INTRODUCTION
BK virus (BKV) was first described by Gardner et al. in 1971, isolated in the urine and urinary epithelium of a renal transplant recipient with renal failure and ureteral stenosis[1]. BKV is a non-enveloped, 42 nm virus with a double-stranded circular DNA containing 5000 bases and an icosahedral capsid from the Papoavirus group in the Polyomaviridae family[2]. Primary infection is frequently seen in early childhood, sometimes with clinical signs of upper respiratory tract infection, and is usually asymptomatic[2]. After the primary infection, the virus exists in a latent state in the urogenital tract[2].
BKV seroprevalence is 80% in adults worldwide, and BKV infection is seen in 10-60% after renal transplantation. 5% (1-10) of these infections progress as BKV nephropathy (BKVN), and it is still a significant problem affecting allograft survival in the post-transplant period[3]. Alterations in immunosuppressive (IS) treatments and diagnostic approaches lead to epidemiological differences. The incidence of BKVN is higher in the first two years after transplantation and risk is increased in patients over 50 years of age, male gender, cases with high HLA incompatibility, with multiple allograft rejection episodes, and those who receive intensive triple IS therapy[3]. Patients may not show any symptoms other than impaired renal function. BKVN may present with interstitial nephritis, ureteral stenosis, hydronephrosis, and signs of a urinary tract infection. Progressive renal failure is approximately 30-60% in affected cases[2,3].
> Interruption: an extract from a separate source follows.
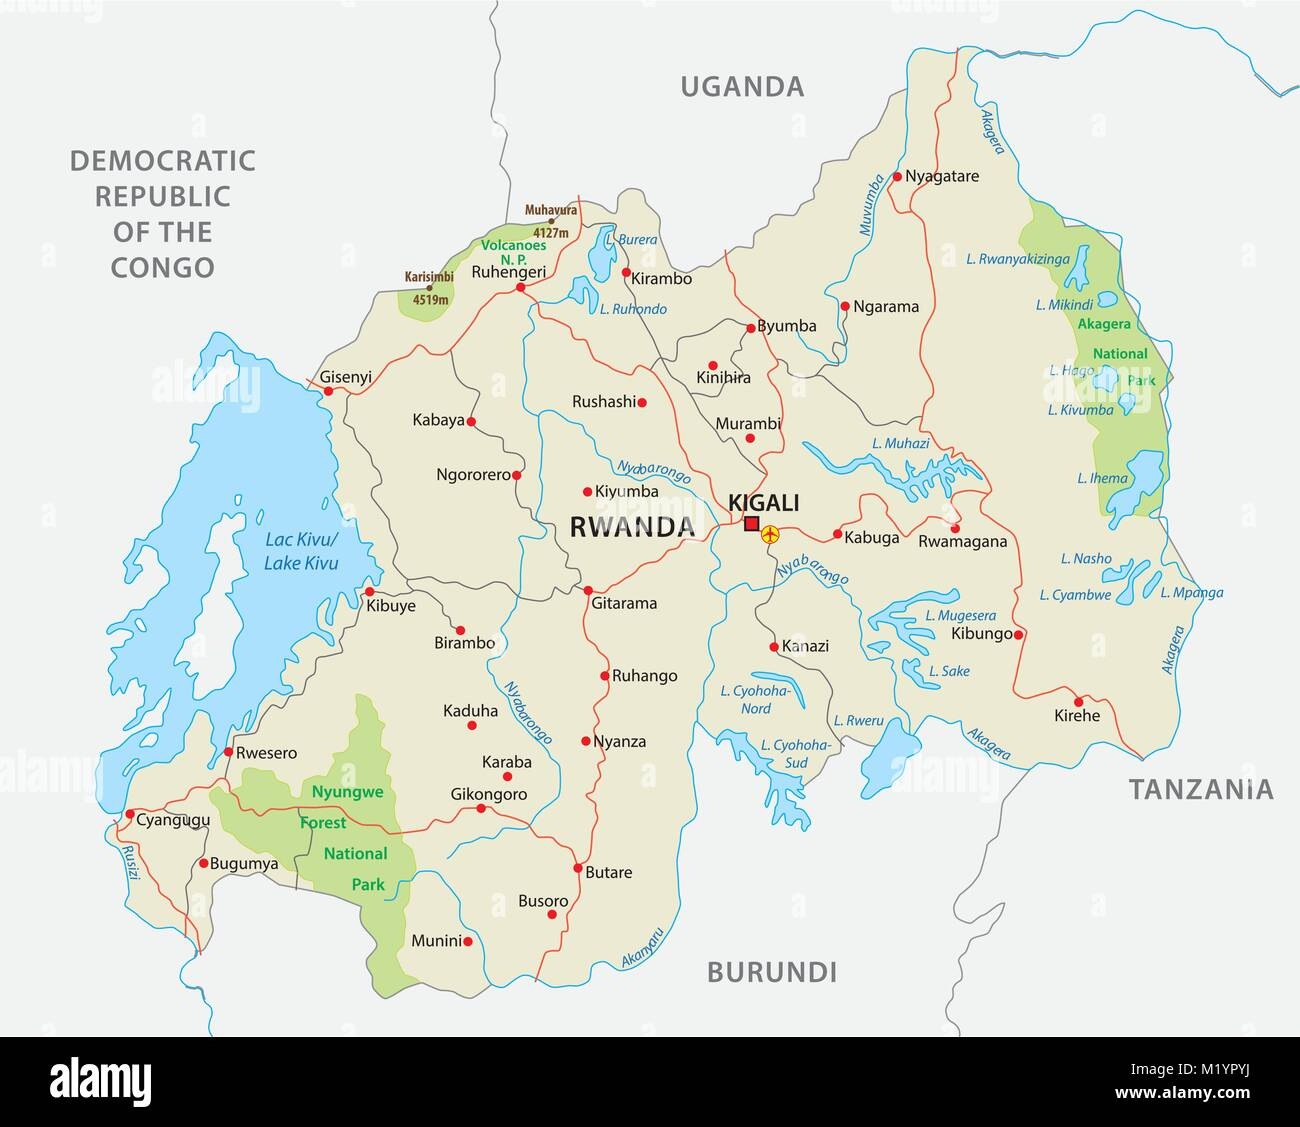 rwanda road and national park vector map - Stock Vector

Early diagnosis of BKVN is essential. Since the disease is mostly silent, it is recommended to regularly monitor BKV DNA in blood and/or urine samples after transplantation[4]. It is recommended to reduce IS therapy in cases with BKV DNA levels above the critical threshold and to confirm both BKVN and the presence of concomitant rejection by performing a biopsy in patients with allograft dysfunction[4]. The crucial point in the treatment of BKVN is to reduce immunosuppression. In addition, cidofovir, intravenous immunoglobulin (IVIG), quinolones, and leflunomide therapy may be applied, but none of these treatments have strong evidence to be recommended[3].
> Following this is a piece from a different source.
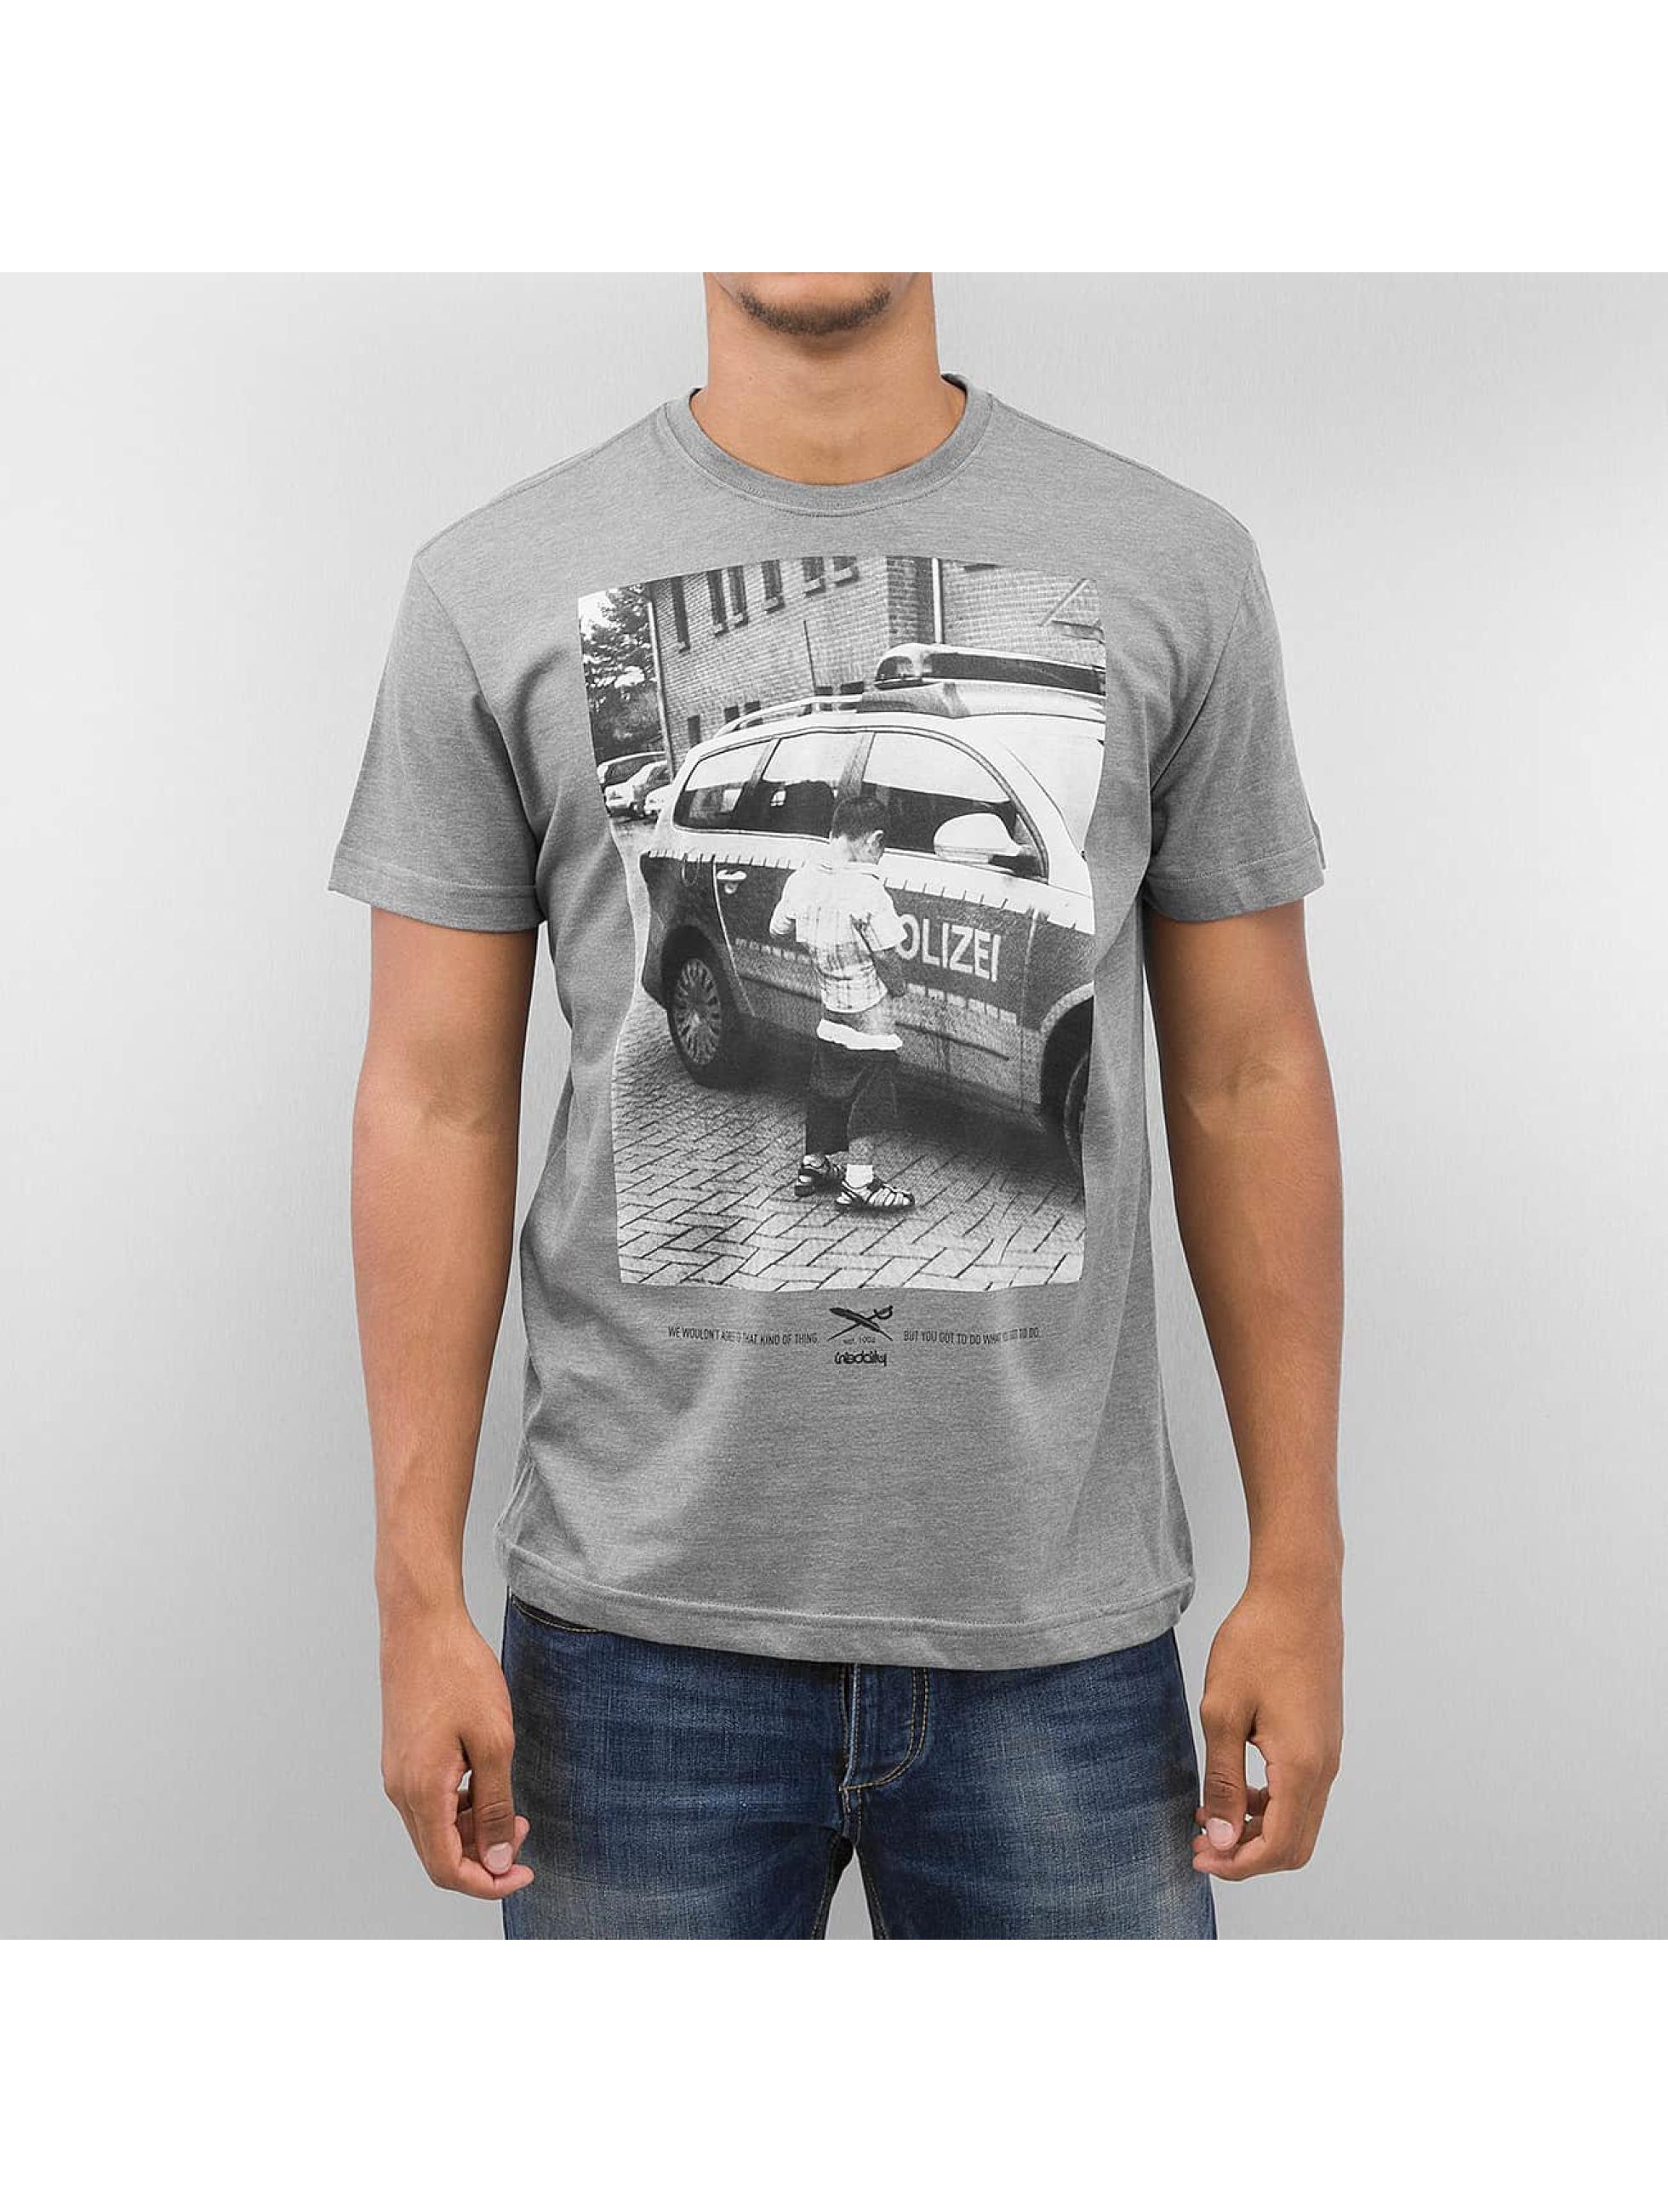 Iriedaily T-Shirt Pissizei grau

The current knowledge of BKVN is mainly based on cross-sectional patient series with small numbers of cases. The studies reporting disease outcomes with large samples are rare in the literature. With this retrospective study, we aimed to contribute to the literature by analyzing our BKVN experience with the participation of transplantation centers in all provinces of our country.